Public money to cut water bills in South West England

Running water
Image caption SWW customers have some of the highest bills in Britain

Public money is to be used to reduce unusually high water bills in South West England, the Chancellor of the Exchequer, George Osborne, has said.

In his Budget speech, Mr Osborne said the region's bills were "unusually high" and money would be set aside to help bring them down.

South West Water (SWW) bills are to increase on average by 5.1% next month, from about £487 per household to £517.

SWW customers have some of the highest bills in Britain.

Industry regulator Ofwat announced last month that SWW could put bills up. Some will see charges rise by up to 8.1%.

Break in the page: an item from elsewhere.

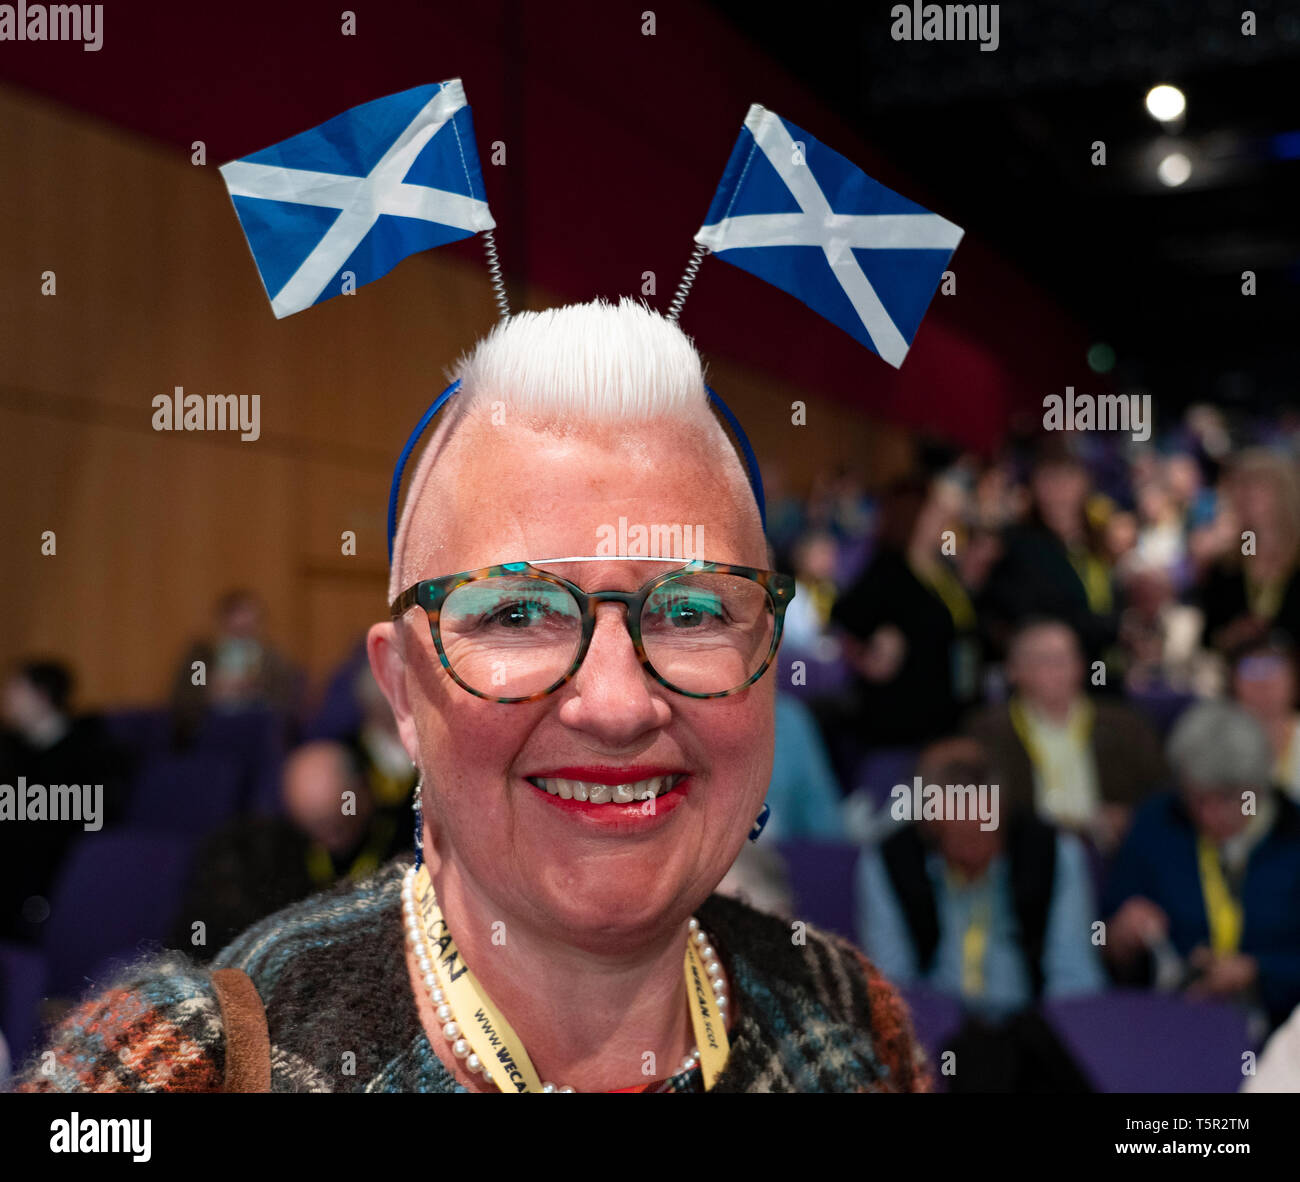 Edinburgh, Scotland, UK. 27th Apr, 2019. SNP ( Scottish National Party) Spring Conference takes place at the EICC ( Edinburgh International Conference Centre) in Edinburgh. Pictured Agnes Magowan a delegate at the conference with patriotic headwear. Credit: Iain Masterton/Alamy Live News Credit: Iain Masterton/Alamy Live News Stock Photo

SWW customers - who live across Cornwall, Devon and parts of Dorset and Somerset- pay for the upkeep of 30% of England's coastline, even though they make up only 3% of the population.

The company said it needed money to improve its facilities and infrastructure.

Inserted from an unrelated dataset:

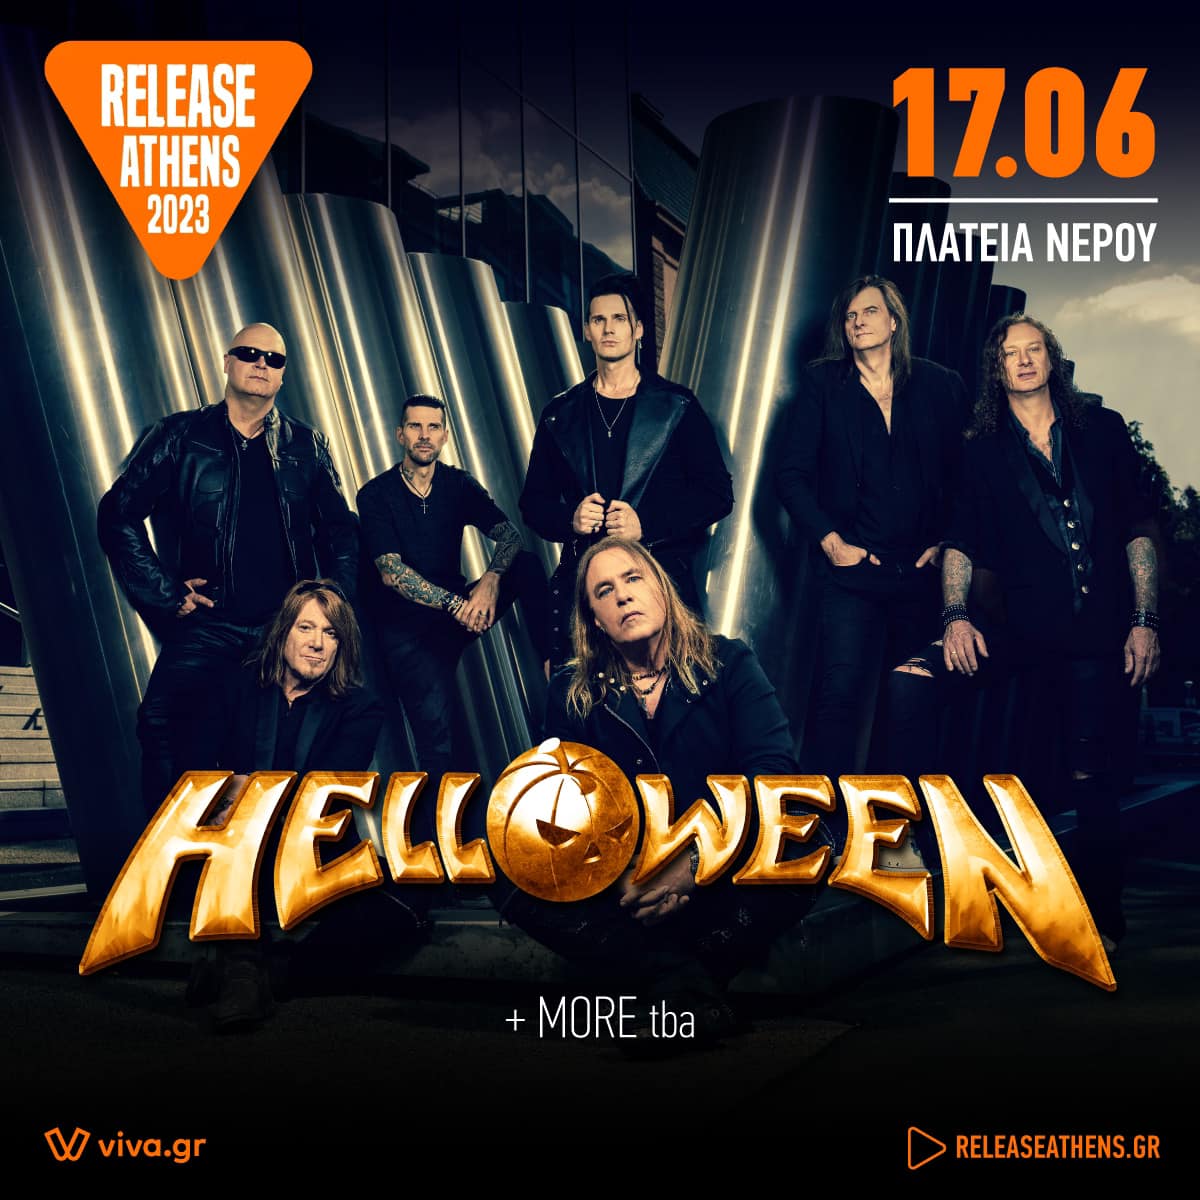 Helloween at Release Athens Festival 2023

During a special debate led by Torbay MP Liberal Democrat Adrian Sanders in the House of Commons earlier this month, he said many customers were "facing a bill of more than £1,000".

SWW said it "welcomed the Prime Minister and Chancellor's commitment to address the unfairness of water charges".

It added: "We await more details on how much support will be allocated and when it will be available. We will continue to work closely with the government to examine the practicality of options to help customers."